Dataset section:
▬▬▬

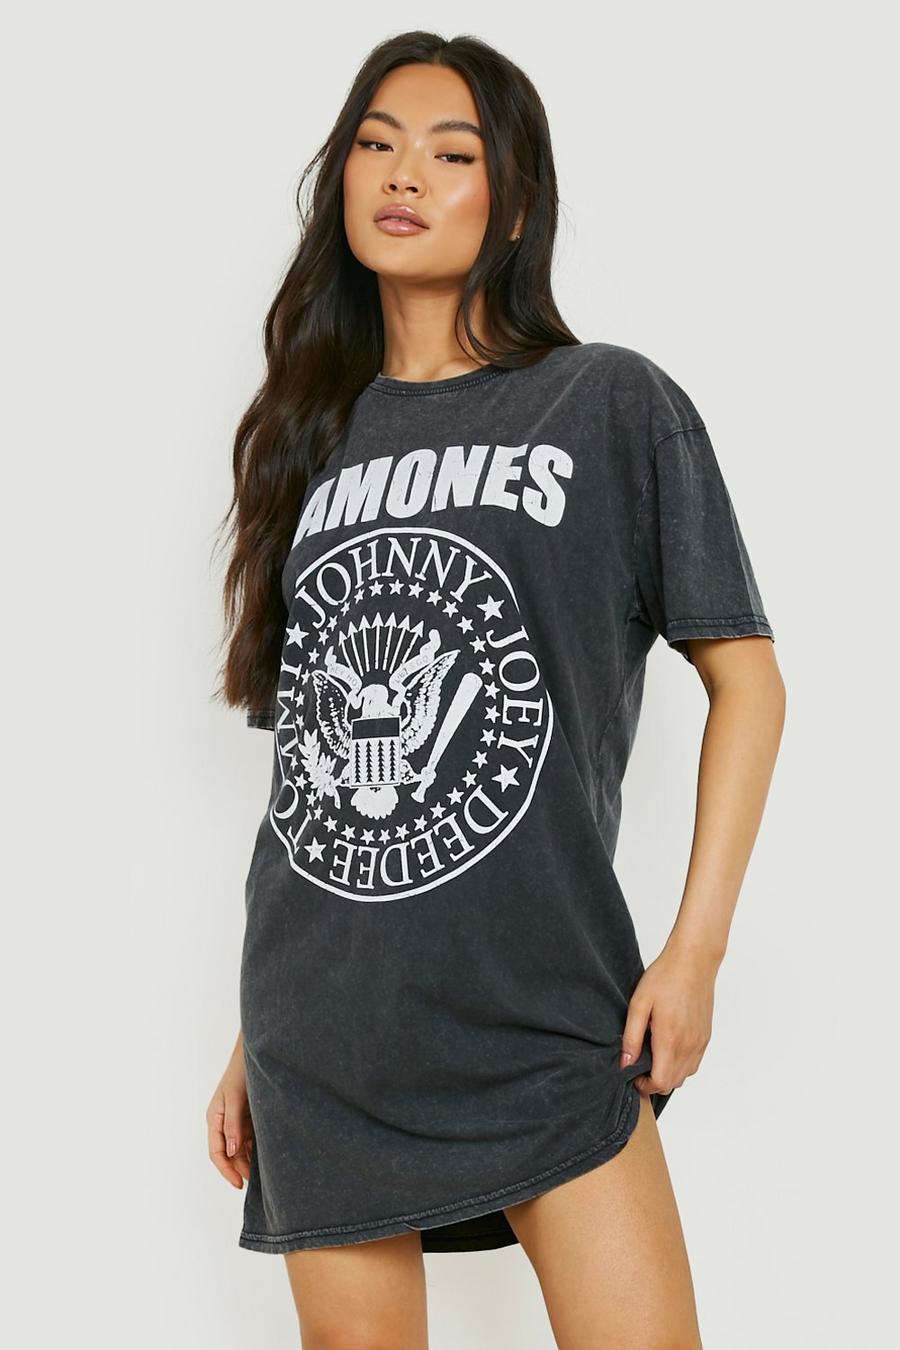 Charcoal Ramones Acid Wash Licensed T-shirt Dress  image number 1
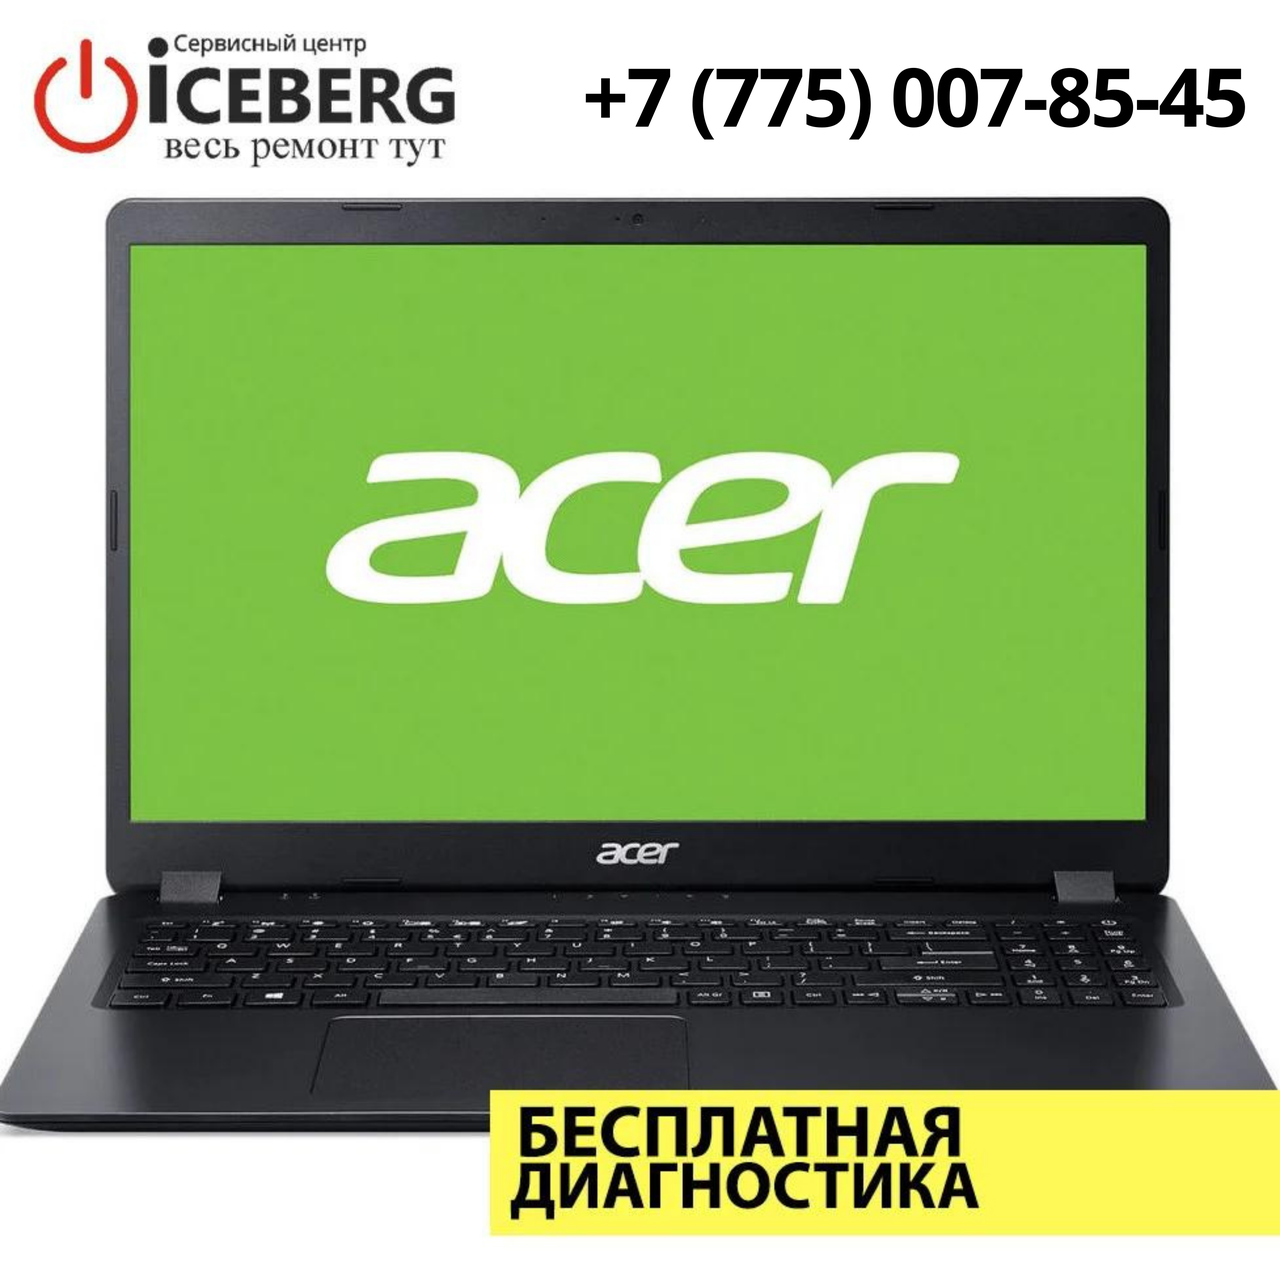 Ремонт ноутбуков и компьютеров Acer в Алматы
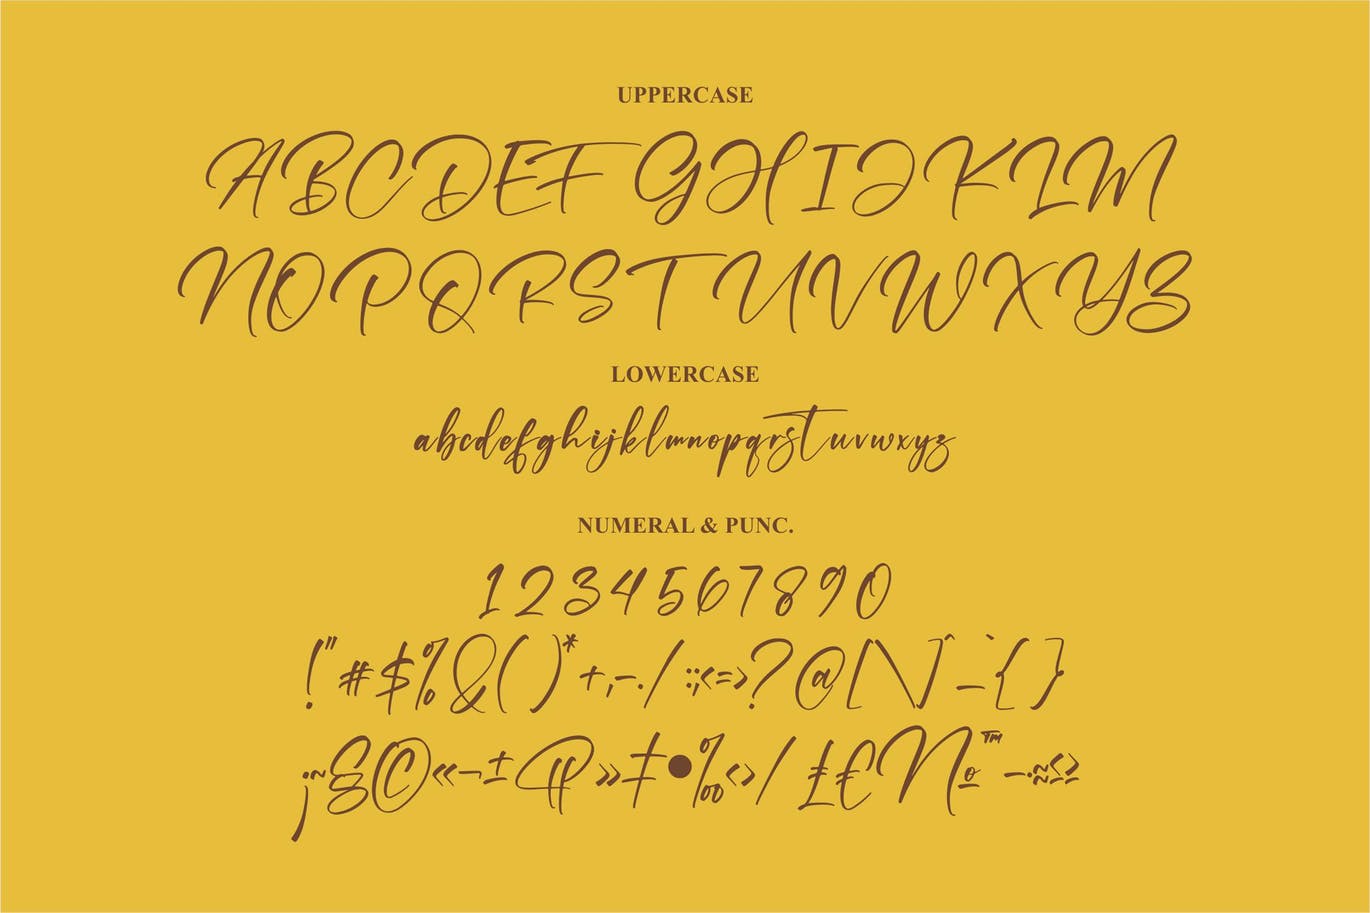 艺术个性签名字体素材 Hayrittius Signature Font 设计素材 第2张
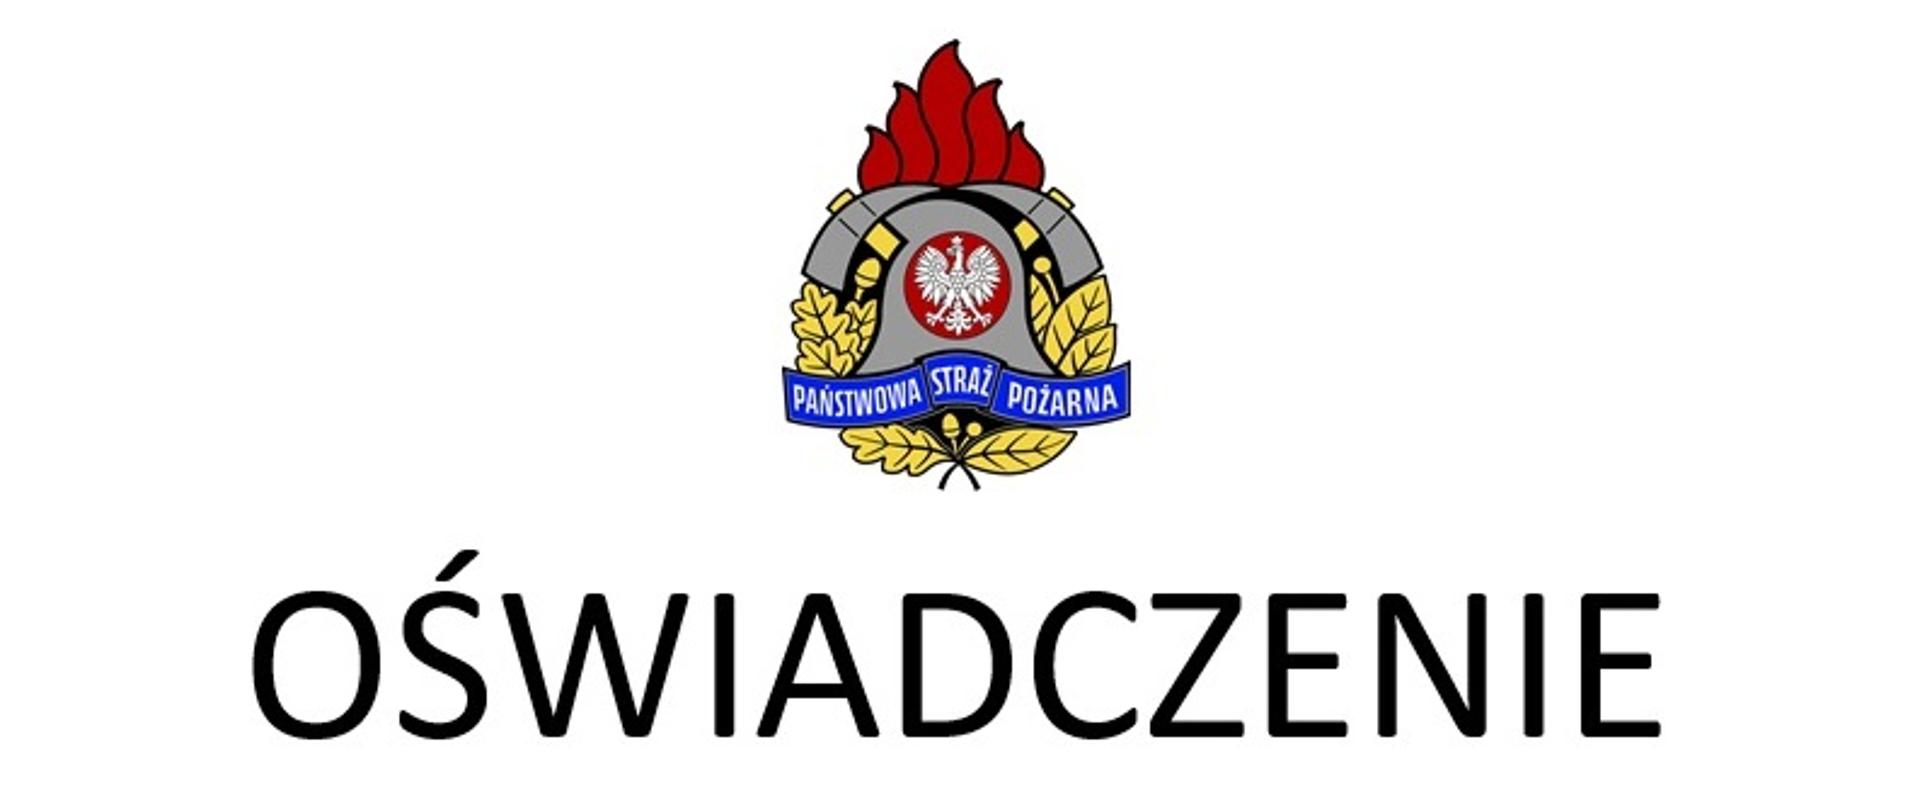 Na zdjęciu logo Państwowej Straży Pożarnej, a pod nim napis "Oświadczenie"

▬▬▬

From the material above, write out exactly the lines from the line with "艺术个性签名字体素材 Hayrittius Signature" through the closing line, inclusive, and no pictures.

Answer area:
 艺术个性签名字体素材 Hayrittius Signature Font 设计素材 第2张
 Na zdjęciu logo Państwowej Straży Pożarnej, a pod nim napis "Oświadczenie"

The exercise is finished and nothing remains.